The COVID-19 pandemic is impacting virtually every sector of life around the world, including individuals, school districts, independent companies, and entire cities. The crypto industry is no exception. Despite past promotion as “safe haven” assets, cryptocurrencies have experienced price drops along with traditional financial markets in response to the worsening pandemic.
Some features of the crypto community could help it weather this storm. Predictions for its future vary but it’s worth watching the industry closely moving forward.
“Crypto Twitter” from earlier this year reveals that the crypto community was weeks ahead in calling for people to prepare for the coronavirus pandemic. Most crypto companies were quicker to react than companies in other industries. Those sounding the early warnings have been proven right, as governments have been putting stay-at-home orders in place and instituting restrictions on business functions.
Since the 2008 recession, the crypto mindset has included an awareness of potential market meltdowns, government leadership failures, and widespread disruptions. That awareness, along with skepticism of centralized fiat currency systems, has prepared crypto firms to take the necessary steps to respond to a pandemic, including acting independently from multiple locations without reliance on typical services.
Crypto Values Drop and Recover
Cryptocurrency prices haven’t been immune to the impacts of the pandemic. Bitcoin had been trading around $10,000 in mid-February, but lost half its value in mid-March, experiencing its worst drop in years. Other cryptocurrencies also fell sharply during that same week in March, with Ethereum down 46% and XRP down 40%.

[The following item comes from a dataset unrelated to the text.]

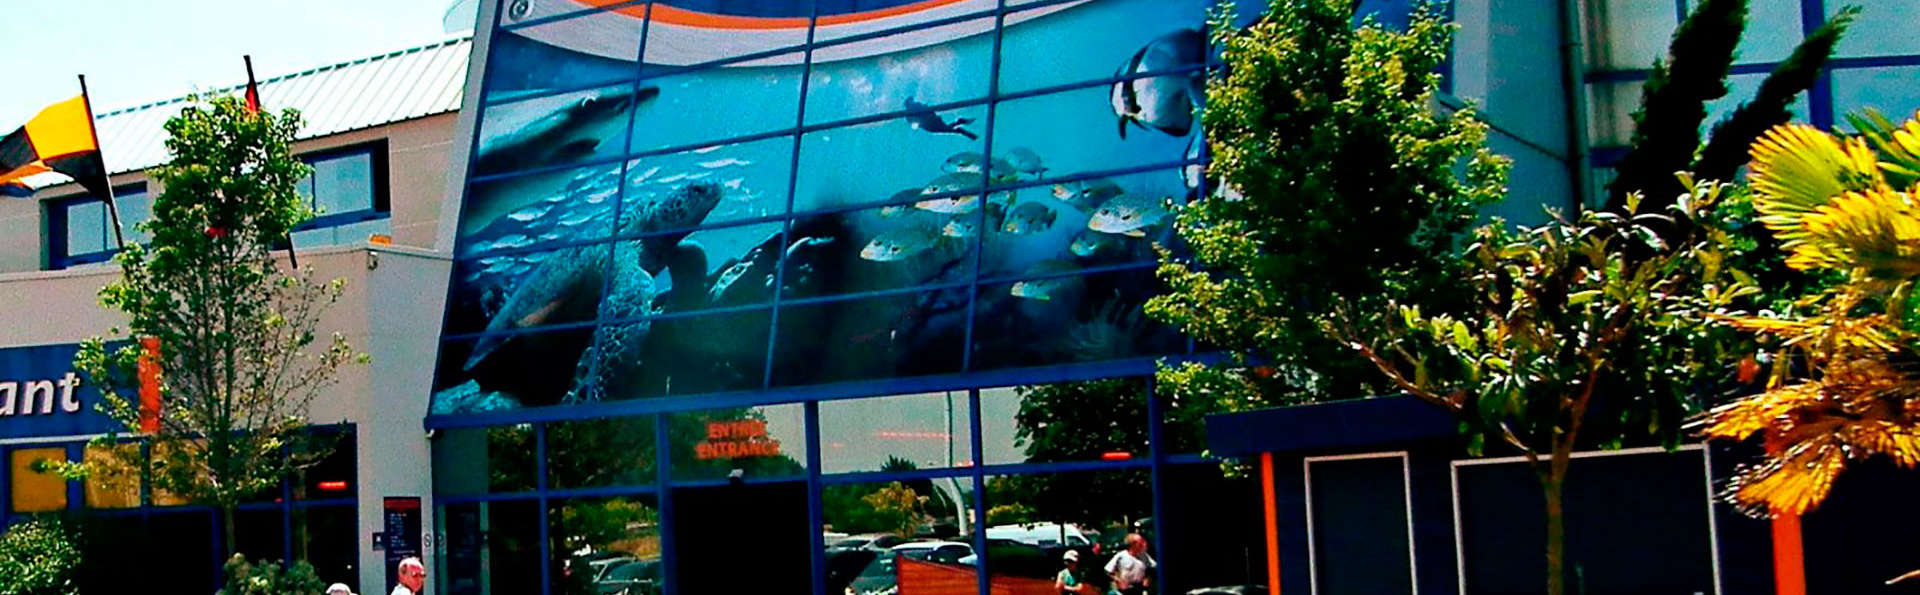 Escapade avec dîner et découverte de l'Aquarium de Saint-Malo ( à partir de 2 nuits)

Since that March low point, however, Bitcoin has recovered to $6,792 as of April 3. Whether this is the start of a sustained recovery or another blip in the pandemic turbulence remains to be seen.
The Pandemic Effect
In the past, many advocates proposed that cryptocurrencies would function as safe-haven assets during times of market turmoil. With its fixed supply and strict rules for the creation of new tokens, it shouldn’t be as vulnerable to fiat currency manipulations by central banks or governments. In fact, during past market stresses, cryptocurrencies have seen a rise in prices.
The volatility during this pandemic suggests to some that it wasn’t a safe haven asset to begin with and should instead be viewed as a risky asset. But there have been alternative explanations for the price declines, including the lack of an agreement between Russia and Saudi Arabia over crude oil production and the PlusToken Ponzi scheme that happened in China and Korea.
Business as Usual?
Crypto businesses have been adjusting to a pandemic-ridden world along with other industries, canceling or postponing global crypto conferences and shifting others to virtual platforms, such as with Consensus 2020, one of the largest events in the industry.
Massari set up work from home policies as early as March 3, well before most other businesses. Coinbase, a leading cryptocurrency exchange, created a multistage disease response plan:
- Employees and offices will take designated steps based on when certain thresholds are met (e.g., a rise in cases in the vicinity of an office).
- The company will conduct threat assessments on a case-by-case basis.
- Different office locations are rated differently based on local conditions.
The decentralized nature of the crypto industry confers an advantage when shifting operations away from in-person contacts. Tech workers in general, including those working with crypto firms, are already accustomed to getting projects started without meeting together in a physical location. This approach helps keep economic deals going despite pandemic restrictions.
Bitcoin companies have systems in place to allow owners to keep control over their crypto money during this type of crisis. Casa, for example, has a two-key system for safety and flexibility: a mobile key stored on an iOS or Android device with a remote backup and a Casa recovery key for use in emergencies.
Predictions for 2020
Current predictions for the future of cryptocurrencies vary quite a bit, from optimism about price rises to concerns about continued volatility:
- Matt Keiser, of the Keiser Report, predicted in early March that pandemic panic will drive Bitcoin prices up to $100,000.
- At the end of March, based on the spike in demand for gold and its increasing lack of availability during the pandemic, Keiser said, “I predict…that once people realize that they cannot get gold, they’ll start flocking en masse into Bitcoin” to protect their wealth with a reliable store of value.
- Some analysts speculate that a decline in crypto prices, along with the pandemic-related disruption in crypto businesses, could have long-reaching negative implications for the future of the industry.
- As long as risk-sensitive speculators are involved in the cryptocurrency market, there will likely continue to be price swings.
- Developing a common purpose for cryptocurrencies, versus the varied uses that exist now, could help smooth out prices.
While it appears that cryptocurrencies, like Bitcoin, won’t completely escape the impact of the COVID-19 pandemic, it remains possible that they will still outperform traditional markets during these turbulent times. With its built-in abilities to function without in-person interactions and its lack of vulnerability to centralized currency manipulations, crypto is worth keeping a close eye on during this pandemic.